The Golden Rule of Student Retention

Posted on August 16, 2009

People often ask, “What is the best tool to improve student retention?” My answer is what I call The Golden Rule of Student Retention: reach out to students when they need your help the most. If you can do this on a consistent basis, your retention numbers will improve dramatically. All the best student retention efforts follow this rule. For instance, First Year Experience programs help students when they are adjusting to college life. An early alert system’s mission is to catch struggling students before it’s too late. Mentoring programs put experienced people in place to help guide students along, especially in times of need.

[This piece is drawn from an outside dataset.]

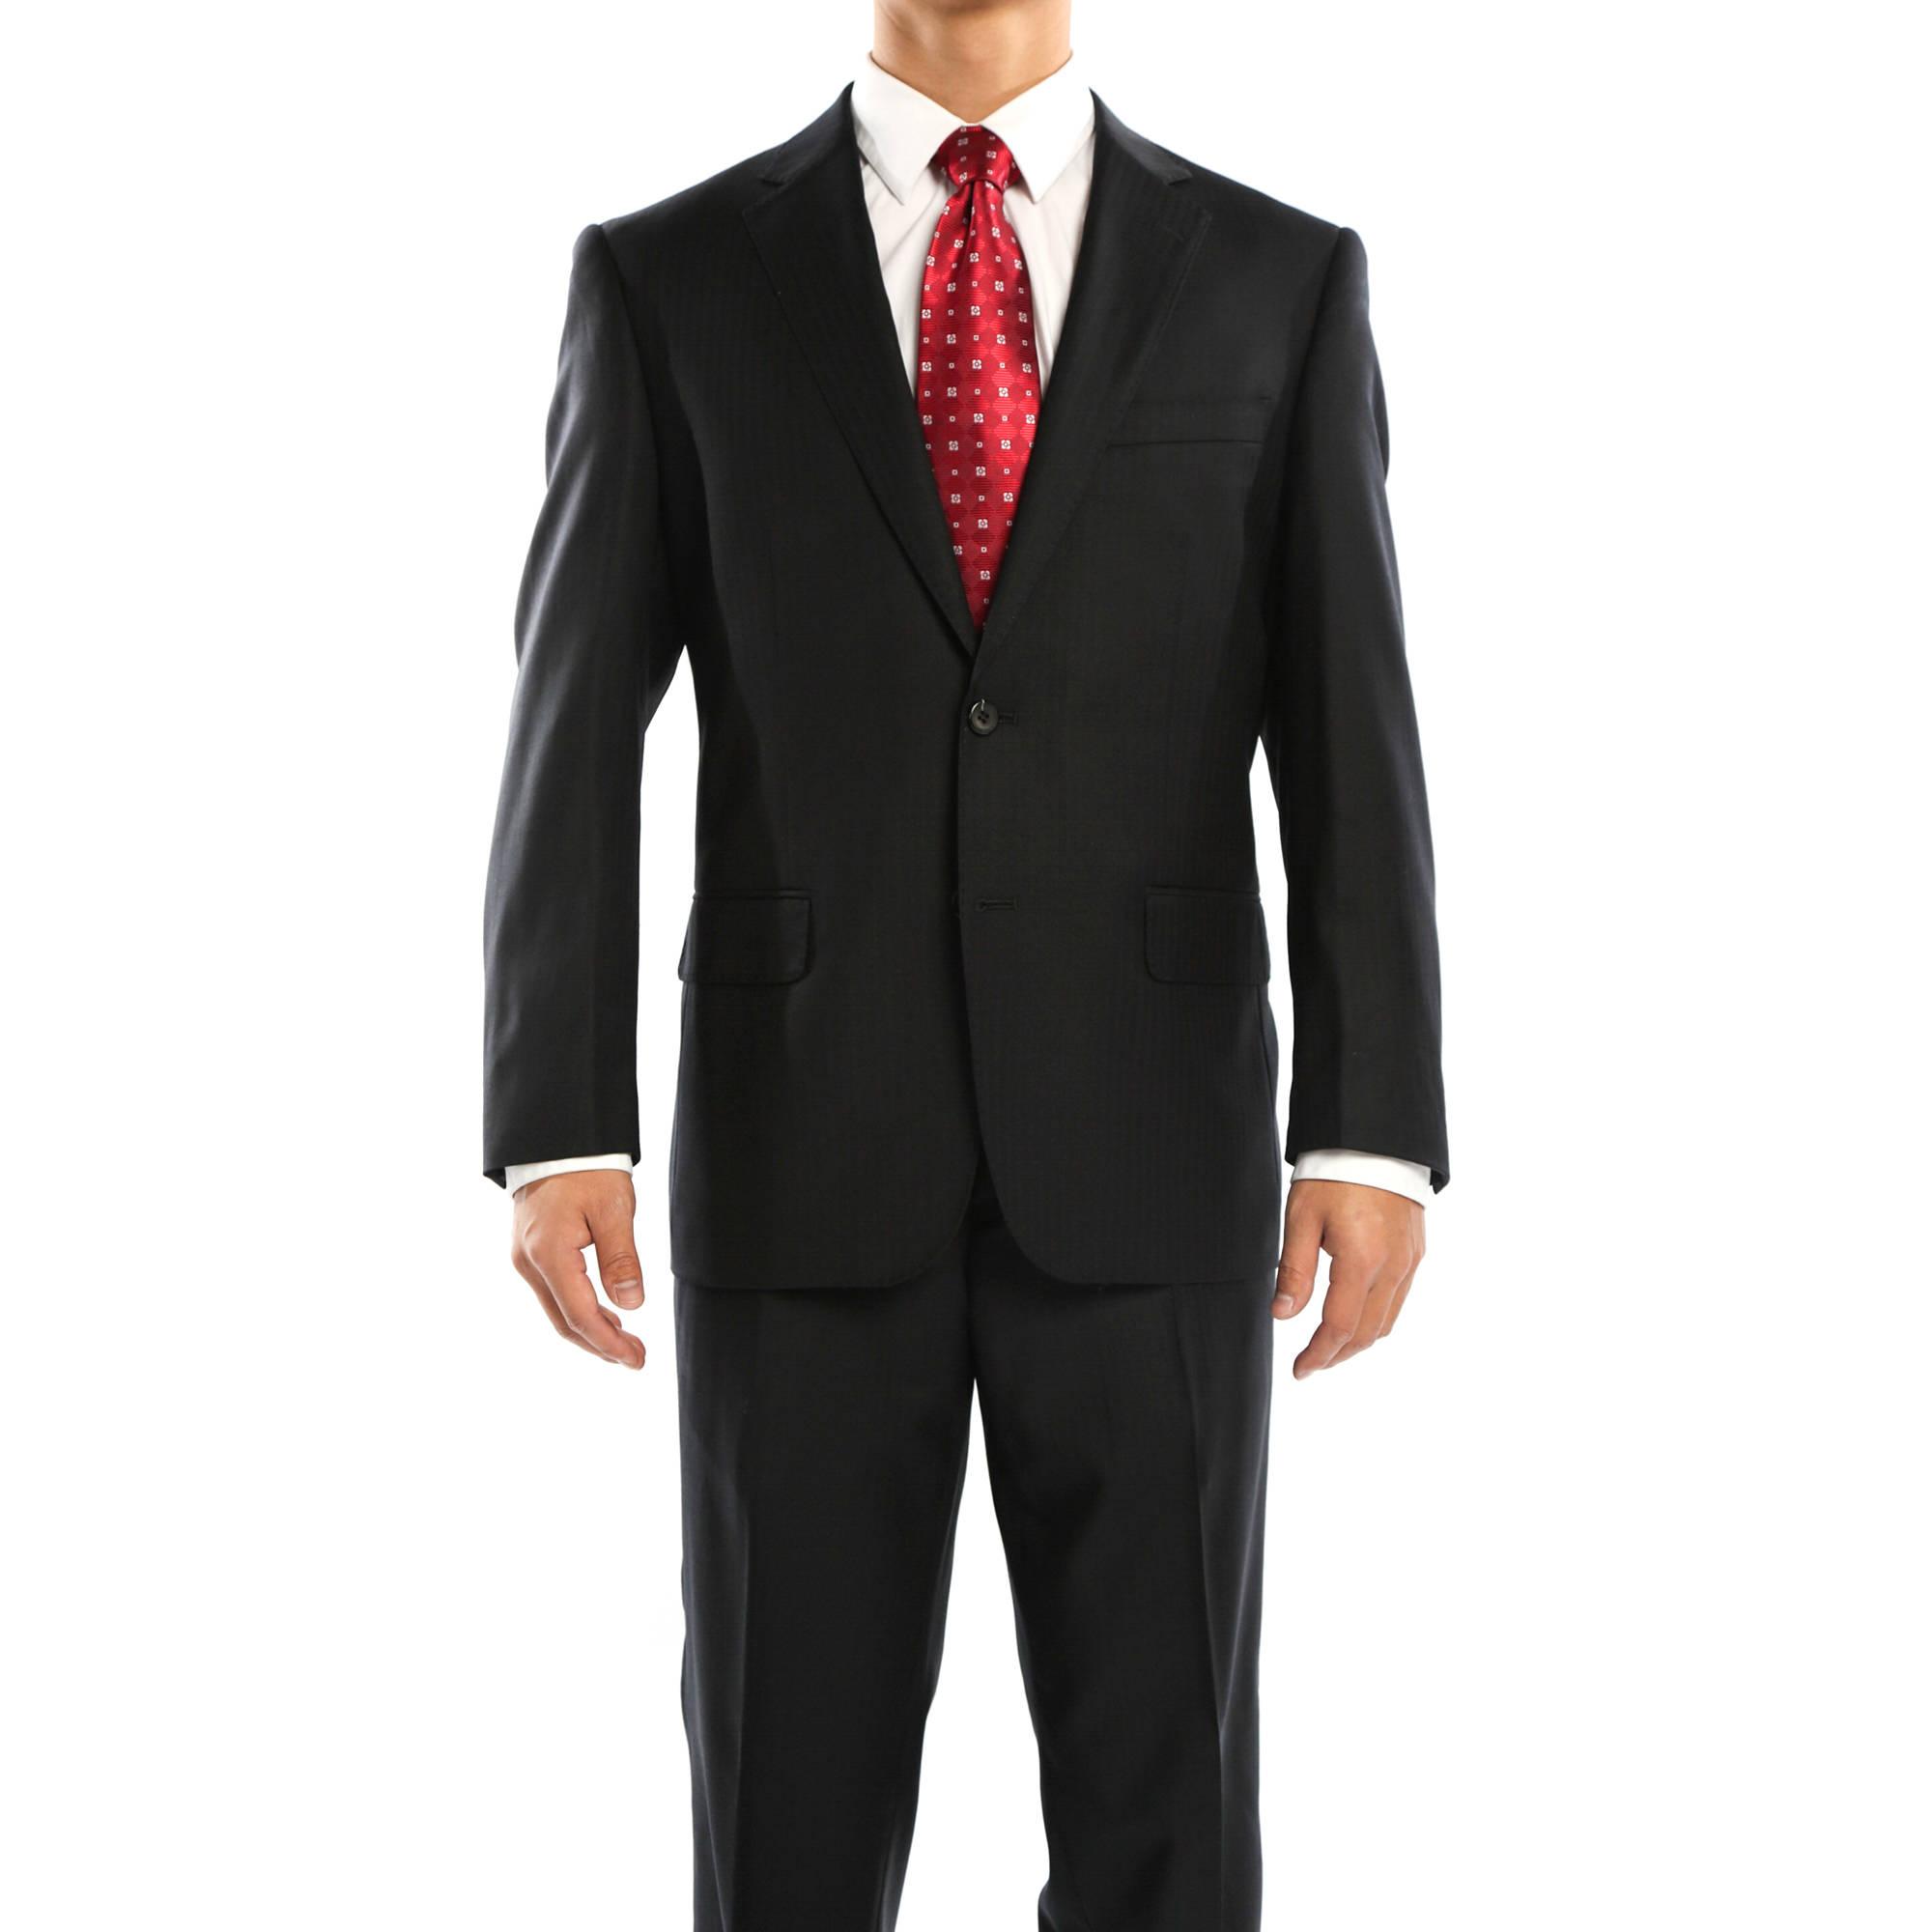 Revelino Big Men's Black Classic Fit Italian Styled Virgin Wool Suit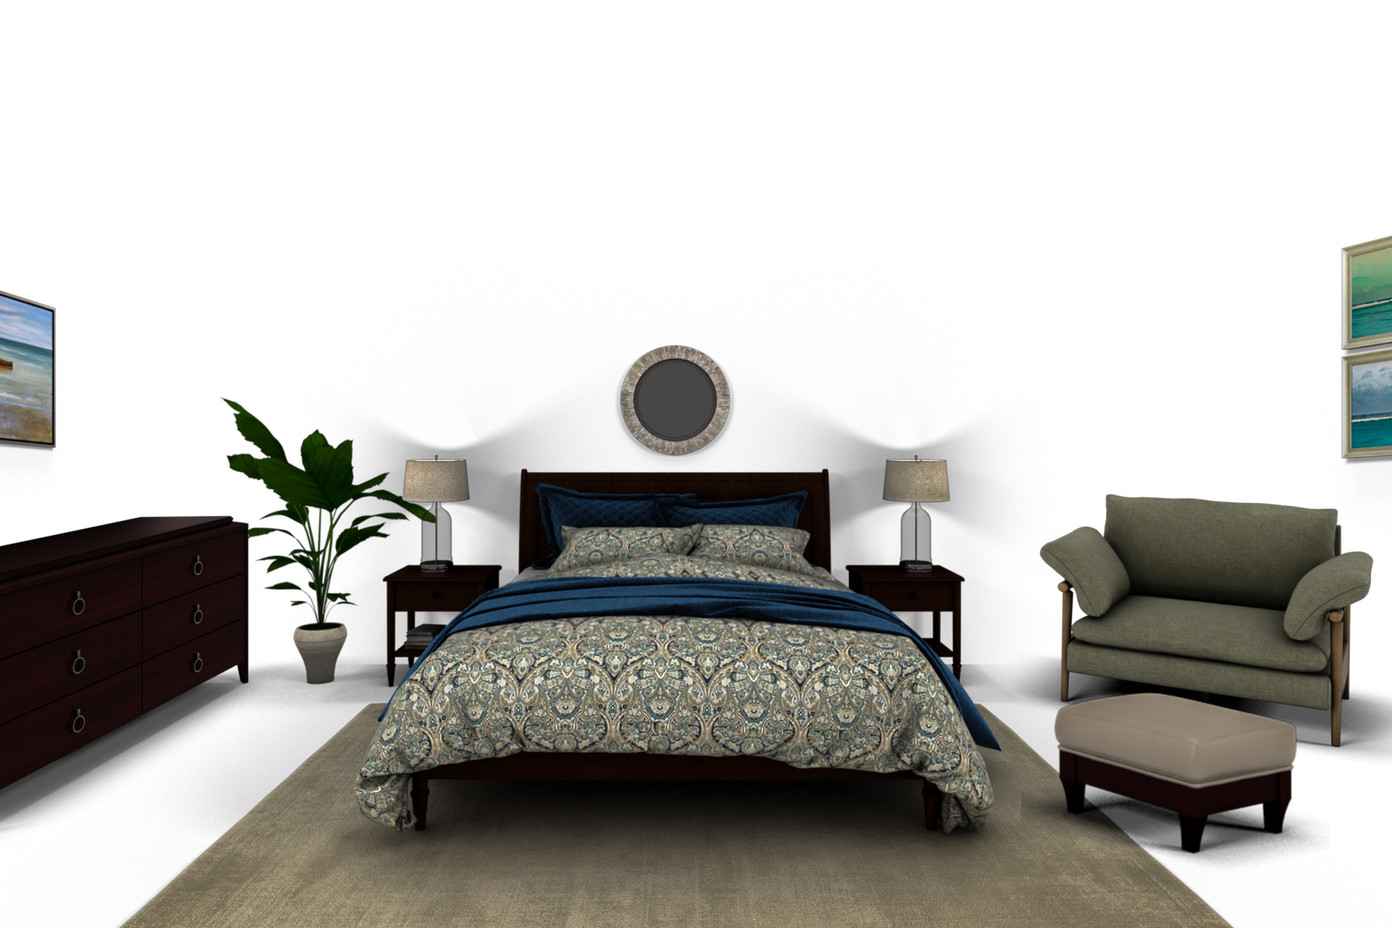 Bedroom Coastal 7.jpg

Is your school following this rule? If so, how efficient are your efforts? Mid-term grades are a great example of an attempt to help students that arrives too late. Here’s an all too common scenario: the mid-term test is given, a week later the grades are recorded, another week later the information gets to student services, and then another week passes before the data is acted upon. After all these delays, the student gets an email or phone call about a test they bombed three or four weeks ago. This is too late! The crisis in the student’s mind is all but over, and the school missed an opportunity to help them manage. Timely intervention would have scored your school major points in the student’s mind and more importantly their heart.

The Golden Rule of Student Retention is real and its power is undeniable. If you doubt, ask someone who recently had a traumatic experience how they feel toward people who helped them in their time of need. Then ask how they feel about people who sent them an email a month later. It’s not the same.